The fire door shuddered as something outside banged against it, hard; she skidded to a stop, bringing the knife up. Oh hell, they’re down there too. Crap, what do I?—
A skittering, the high babylike chuckles behind her, hatefully familiar as the mist.
Bea threw herself aside, her back meeting the wall with a heavy thump that didn’t matter because they were boiling out of the fog, chittering and champing small, sharklike yellow teeth. Their big black eyes held neither iris nor pupil, but she sensed the wet, nasty gazes focusing on her. The knife jittered in her hand, backpack pressed hard against the wall.

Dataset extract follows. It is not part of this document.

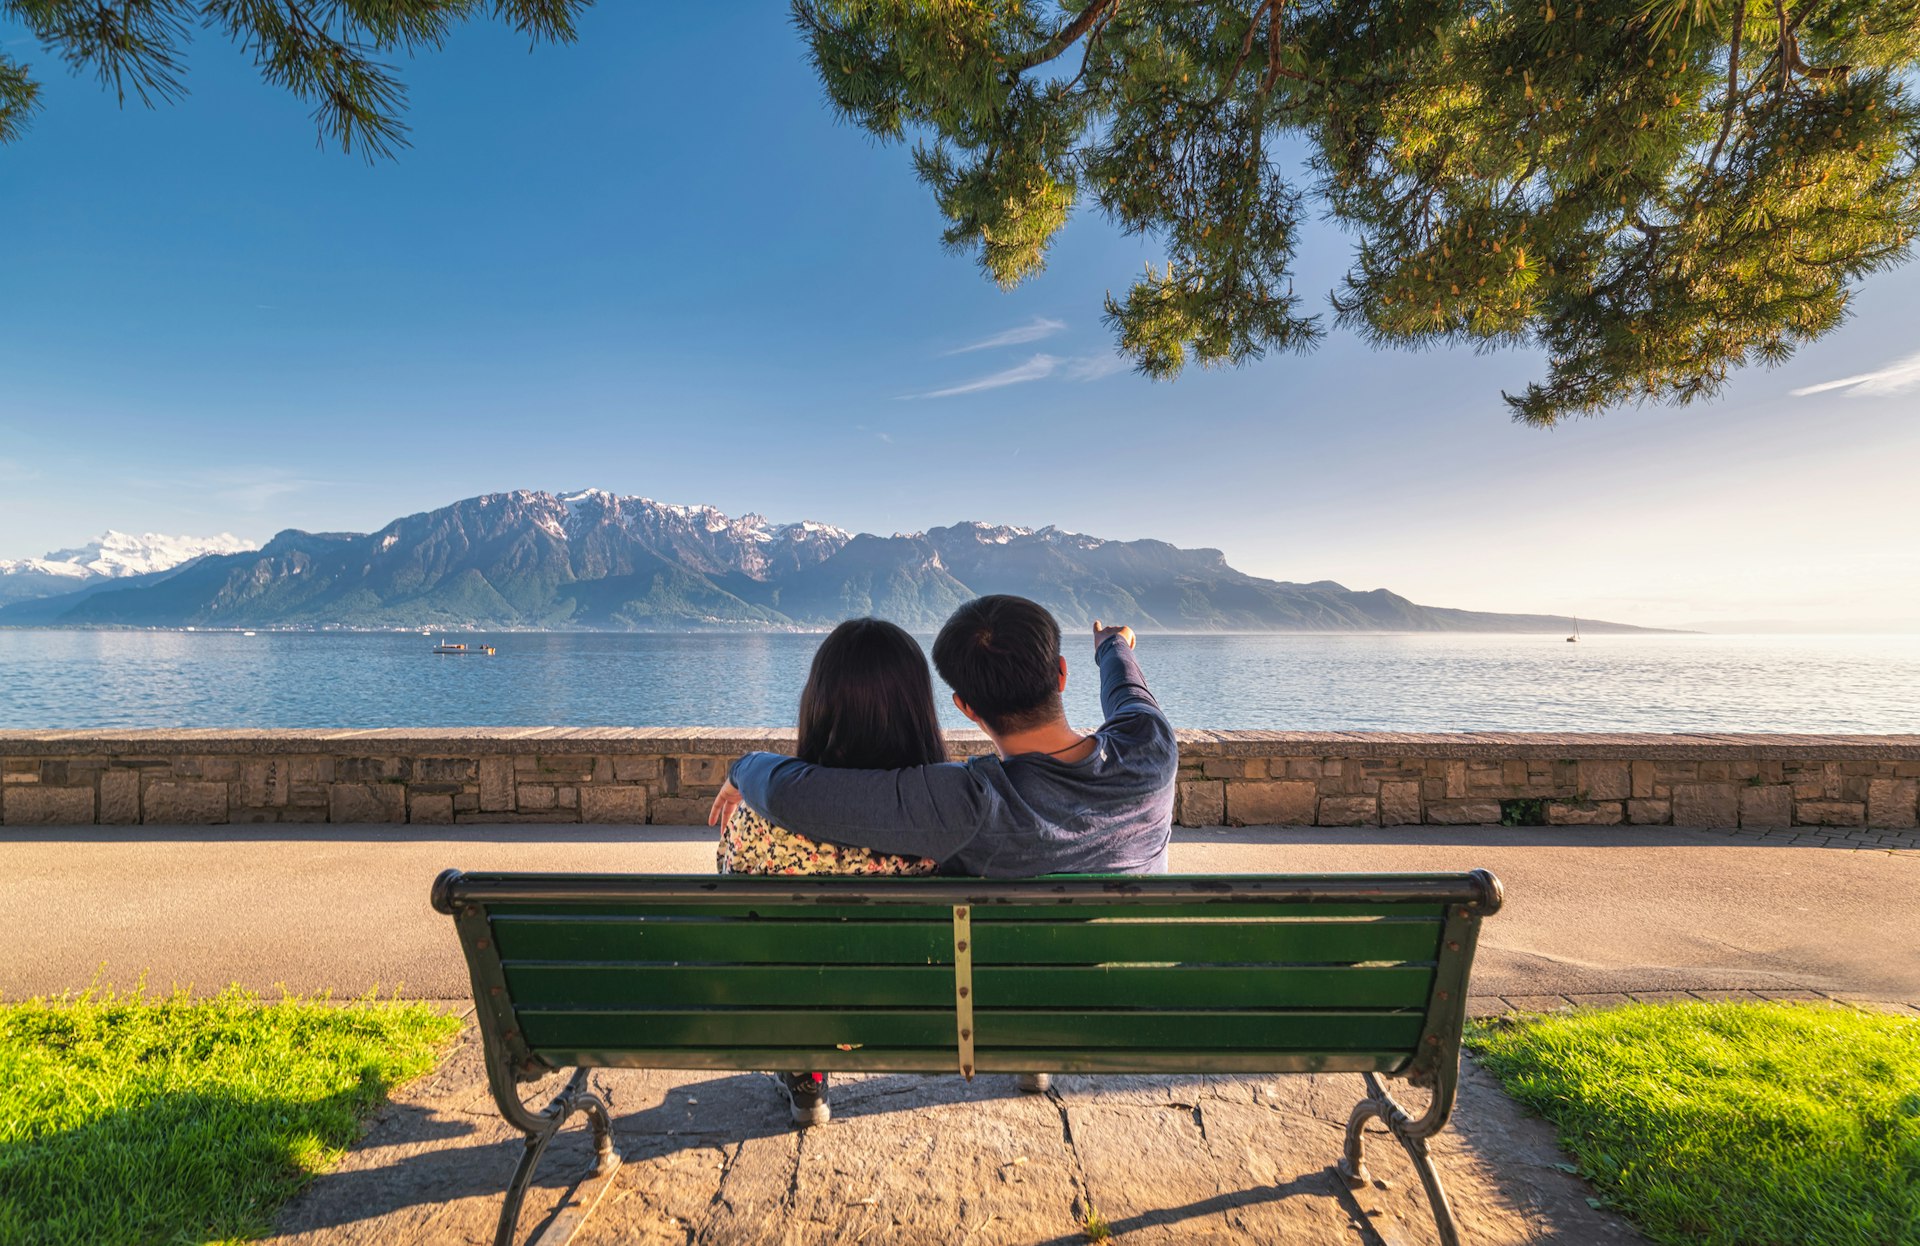 Portrait of Couple Love Tourist are Sitting in Public Garden Bench While Looking at Beautiful Scenic Nature Landscape at Lake Geneva, Vevey, Switzerland.

Crunch. A snap, a pop, a spattering sound like sand dislodged from high crevices. The mist cringed, flushing crimson instead of vile greasy yellow, and the things halted, piling against each other Looney-Tunes style, ones in front nearly going down under the weight of crowding as they backpedaled. More than a dozen had scurried out of the mist, however-many were still in the fog, plus reinforcements on the other side of the fire door.
The visible henchmen reversed, crawling over each other in skinnyshamble haste, several with loincloths askew and small gleaming-green buttocks working as they scrambled.